My second observation is that all who are in this discussion (and I’m glad to see how many are taking part) might want to think about one of the first distinctions we introduce in the course. This is a distinction between what is immoral, what is illegal, and what is creepy. Something is immoral if it violates an ethical code; this is the purview of philosophers (a group I was part of long ago) and can shed lots of light (or at least lots of distinctions) on the subject. And while we try to base our laws on ethical theories, laws are not able to fully reflect those theories. So the fact that something is immoral doesn’t mean that it is illegal; that is a matter left up to the lawyers and, more particularly, to the judges who interpret the laws. And both of these are different from something being creepy, which is simply a description of an emotional reaction we have to a situation. The fact that this reaction is emotion doesn’t make it any less real, and may be an indicative of the situation breaking some moral code. But it isn’t the same.

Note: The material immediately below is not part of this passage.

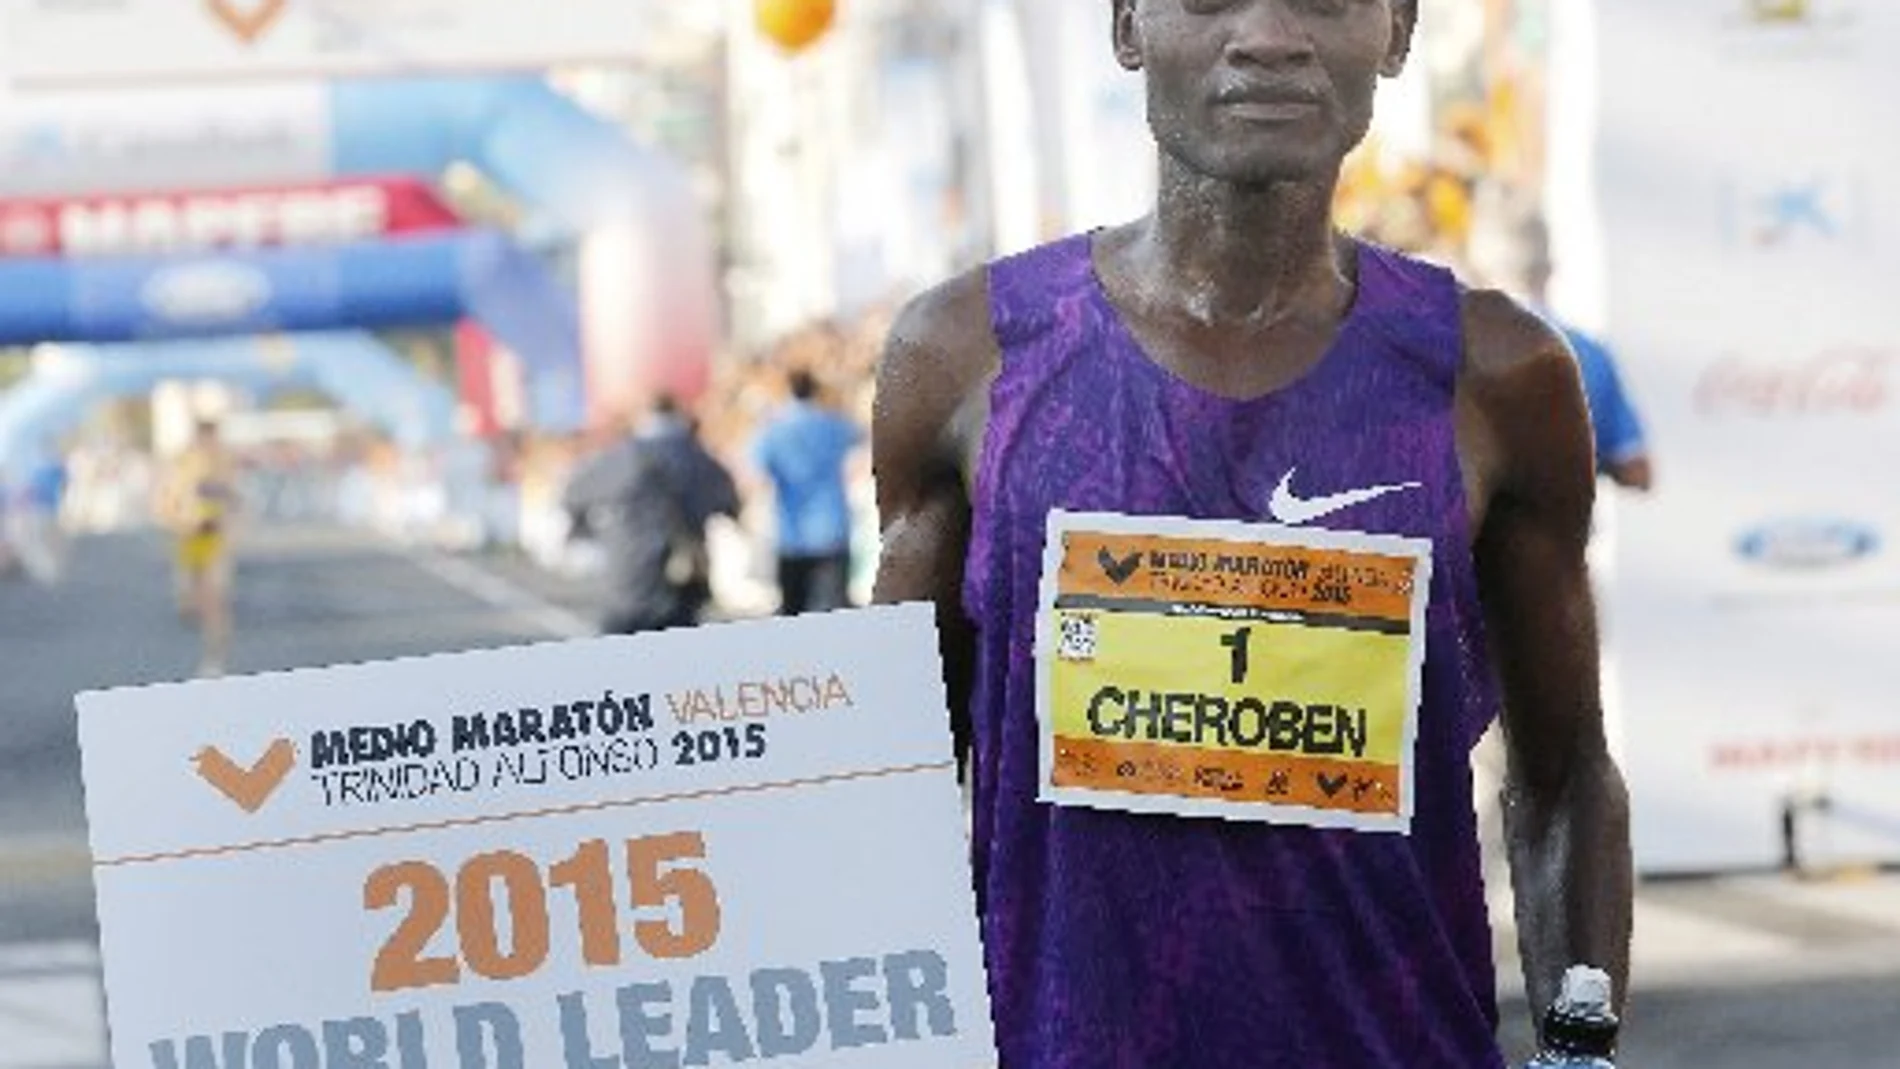 El keniano Abraham Cheroben, con un tiempo de 59:10, logró la mejor marca mundial del año al imponerse en el medio maratón Trinidad Alfonso de Valencia.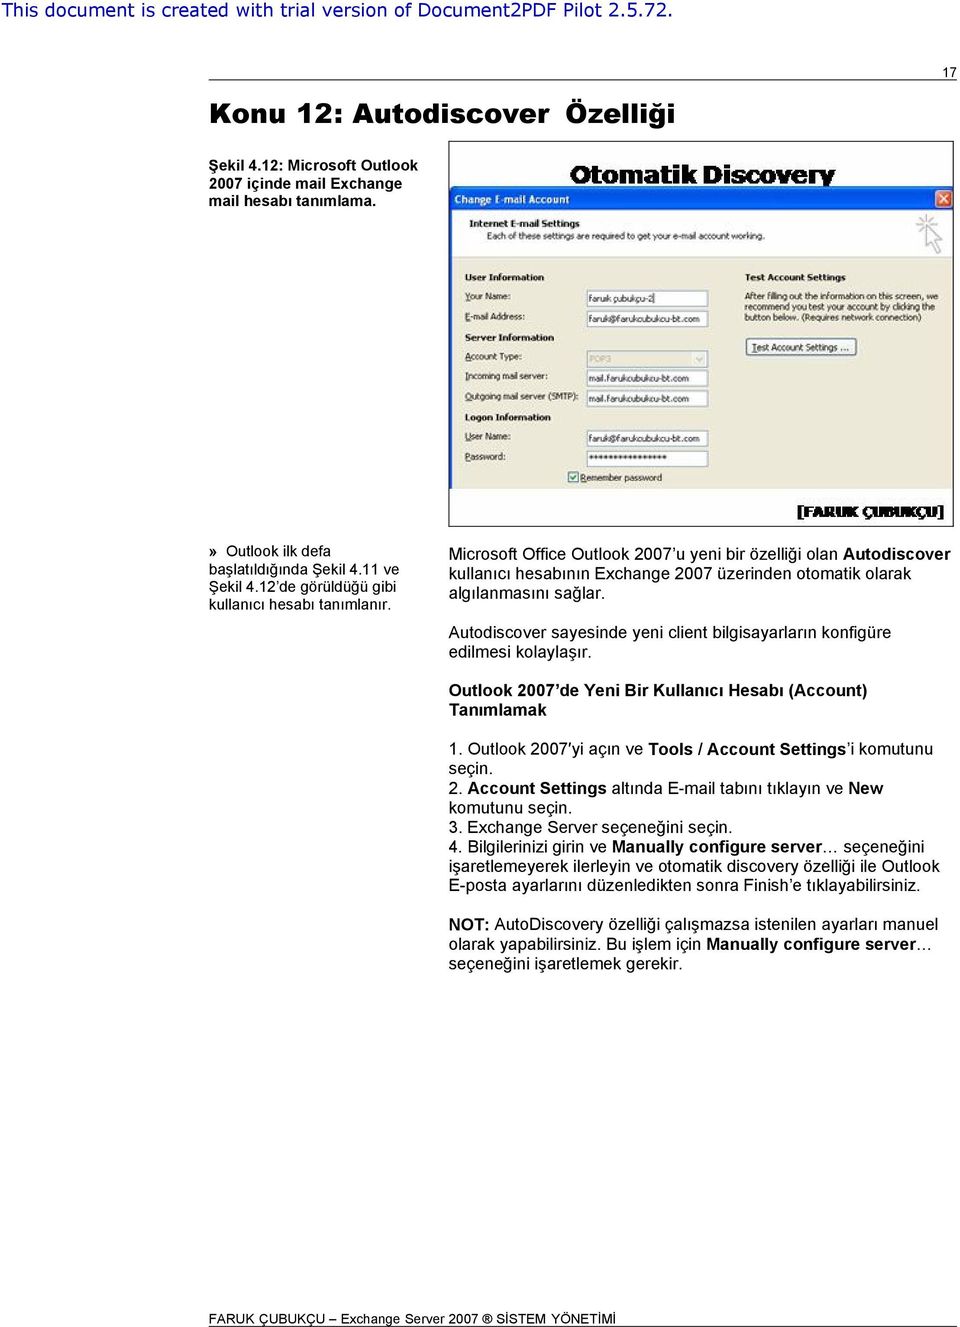 Autodiscover sayesinde yeni client bilgisayarların konfigüre edilmesi kolaylaşır. Outlook 2007 de Yeni Bir Kullanıcı Hesabı (Account) Tanımlamak 1.

When looking at a supposed privacy violation, it is often reasonable to ask which of these three categories the violation falls into. The government building a database of all of the phone meta-data on all of its citizens is certainly creepy. I don’t know if it is illegal; that would need to be decided by the courts (and I hope it will be at some time in the very near future). And whether or not it is immoral is a much deeper question, having to do with the kinds of tradeoffs that are needed and the underpinnings of your ethics. It is the right question to ask, but it is a difficult one to answer.

The discussions of privacy aren’t about to go away or get any simpler. They are very important, and I’m glad that we are having them. And on a selfish note, they are going to make the next edition of CS 105 (coming up this fall) really interesting.